Den Schlusssatz hat Herr Klein ja eben schon zitiert. Da sagt nicht irgendwer, sondern der Niedersächsische Richterbund - Sie haben das alle erhalten; Herr Rolfes hat das auch beantwortet -:
„Durch diese Gesetzesänderung wird vom Weg der langfristigen Vorsorge abgewichen. Es ist zu befürchten, dass die Mittel aus der Rücklage alsbald aufgebraucht sind“
„und anschließend nicht mehr ausreichend Geldmittel für die Altersvorsorge der Beamten und Richter zur Verfügung stehen werden.“
„Finanzierungsrisiken werden daher in die Zukunft und damit in die nächste Generation verschoben. Diese Vorgehensweise führt bei den Mitgliedern des Richterbundes zu Misstrauen und Unsicherheit darüber, ob das Land und die Parteien überhaupt noch in der Lage und gewillt sind, die zukünftigen Vorsorgeaufwendungen der
Das gilt für alle Beamtinnen und Beamte dieses Landes.

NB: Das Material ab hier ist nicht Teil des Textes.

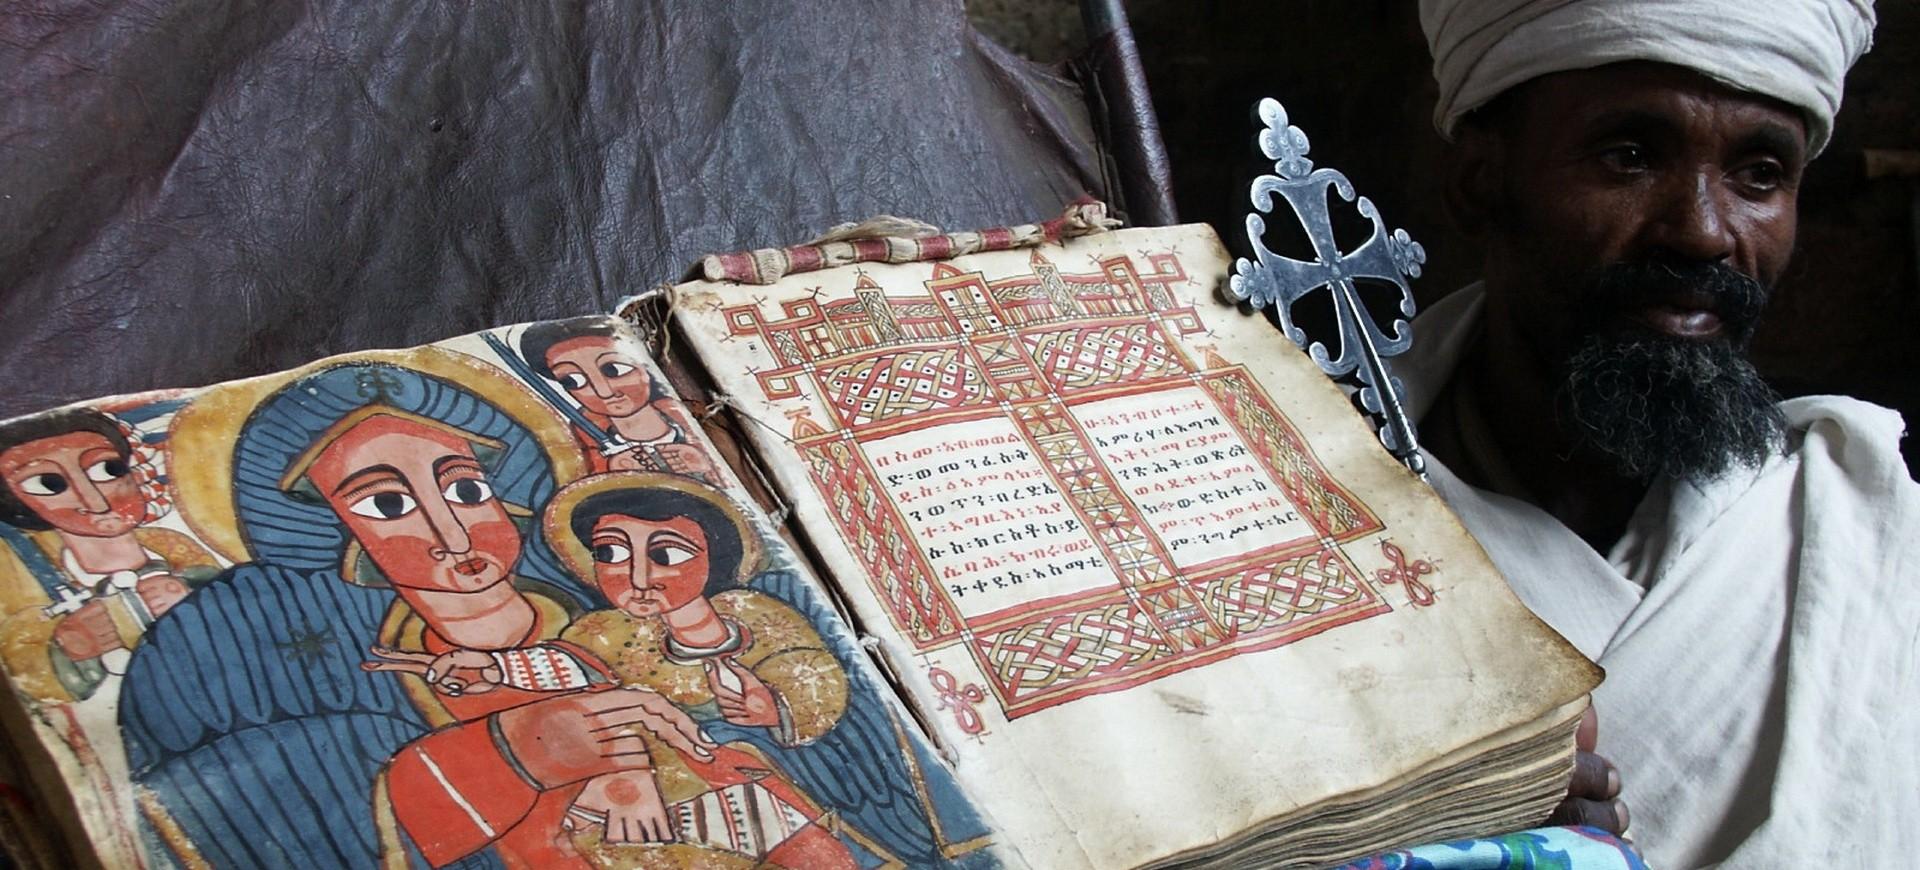 Scriptes sacrées dans l'église à Lalibela en Ethiopie

Da können Sie doch nicht von verantwortungsvoller Politik reden. Das, was Sie hier mit dem öffentlichen Dienst betreiben, ist verantwortungslos.

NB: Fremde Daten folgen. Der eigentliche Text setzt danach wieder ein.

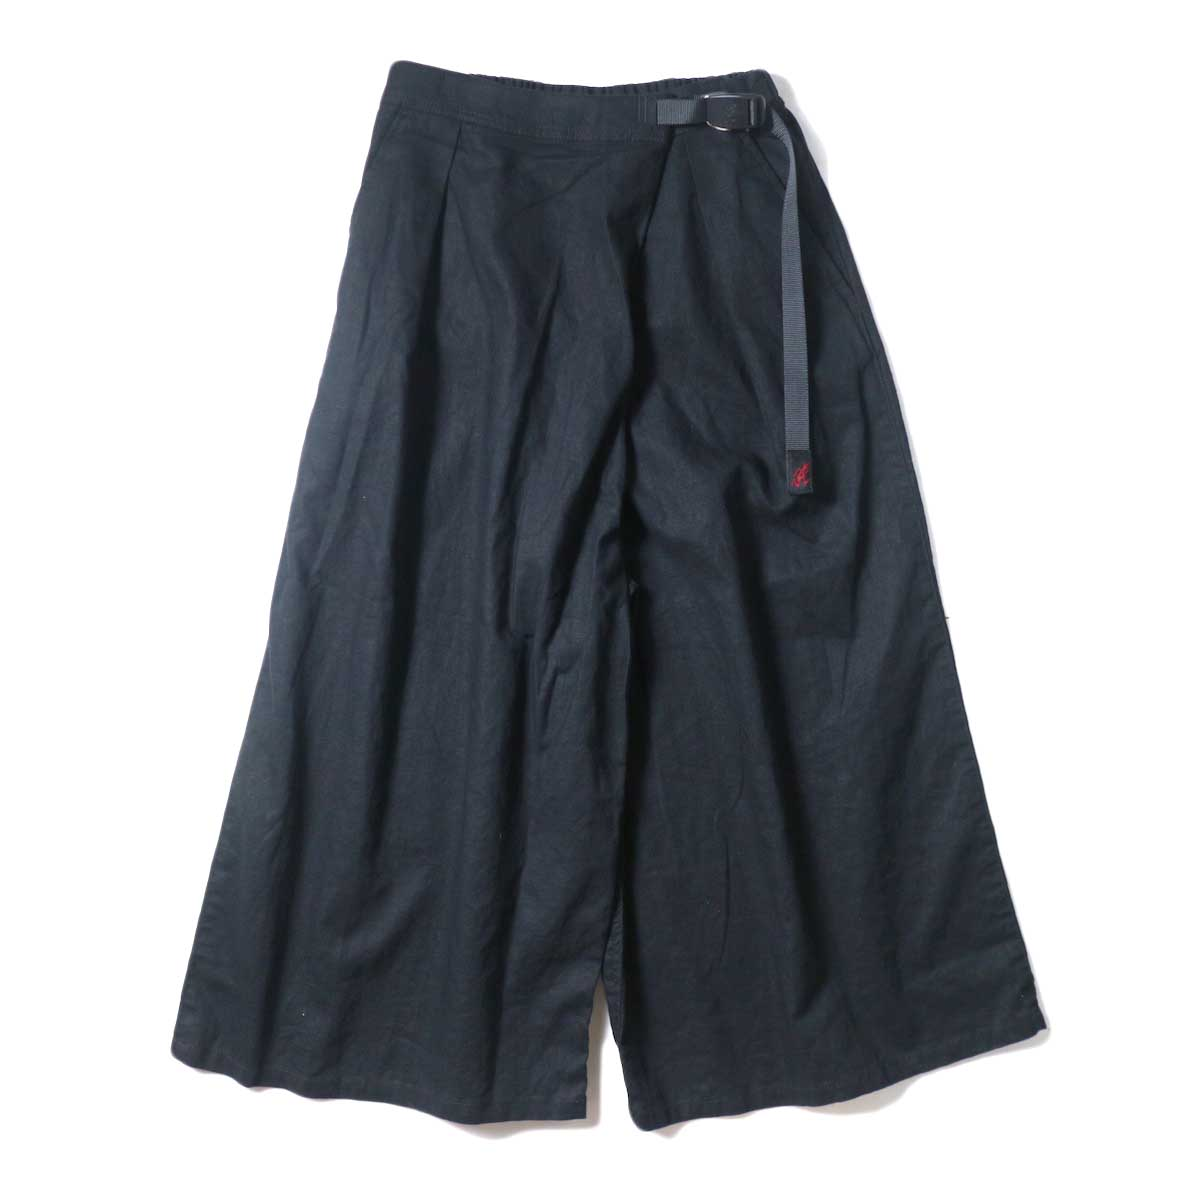 (Ladie's) GRAMICCI / LINEN WRAP FLARE PANTS (Black)

Nebenbei gesagt - ich habe 20 Jahre lang in der Versicherungswirtschaft gearbeitet -: Man kann einen Fonds natürlich auflösen. Aber es ist doch glasklar, übrigens auch glasklar in Bezug auf den Bereich von Finanzdienstleistungen des neuen Wirtschaftsministers: Wenn man einen Fonds mit fremdem Geld füttert und ihn dann entgegen seinem ursprünglichen Zweck auflöst, dann muss das Geld an diejenigen, die es eingezahlt haben, zurückgezahlt werden. Diese 450 Millionen Euro gehören nicht zum Landeshaushalt, sondern sie gehören dem öffentlichen Dienst dieses Landes. Sie müssen verzinst zurückgezahlt werden.
Die Tendenz, in fremde Taschen zu greifen, und zwar auch in Taschen, die noch gar nicht gefüllt sind, außer mit Visionen der FDP, zeichnet die gesamte Diskussion um diesen Nachtragshaushalt aus. Die SPD hat zu Recht das Stoppschild aufgestellt. Wir stimmen dem zu. Nun wissen wir, Herr Jüttner, die Regierung ist in solchen Fragen schussfest. Daher wird sie dem völlig kalt nicht zustimmen, wobei ich zu der gestammelten Replik von Herrn Möllring auf den Antrag der SPD eben doch noch einmal einen Satz sagen muss.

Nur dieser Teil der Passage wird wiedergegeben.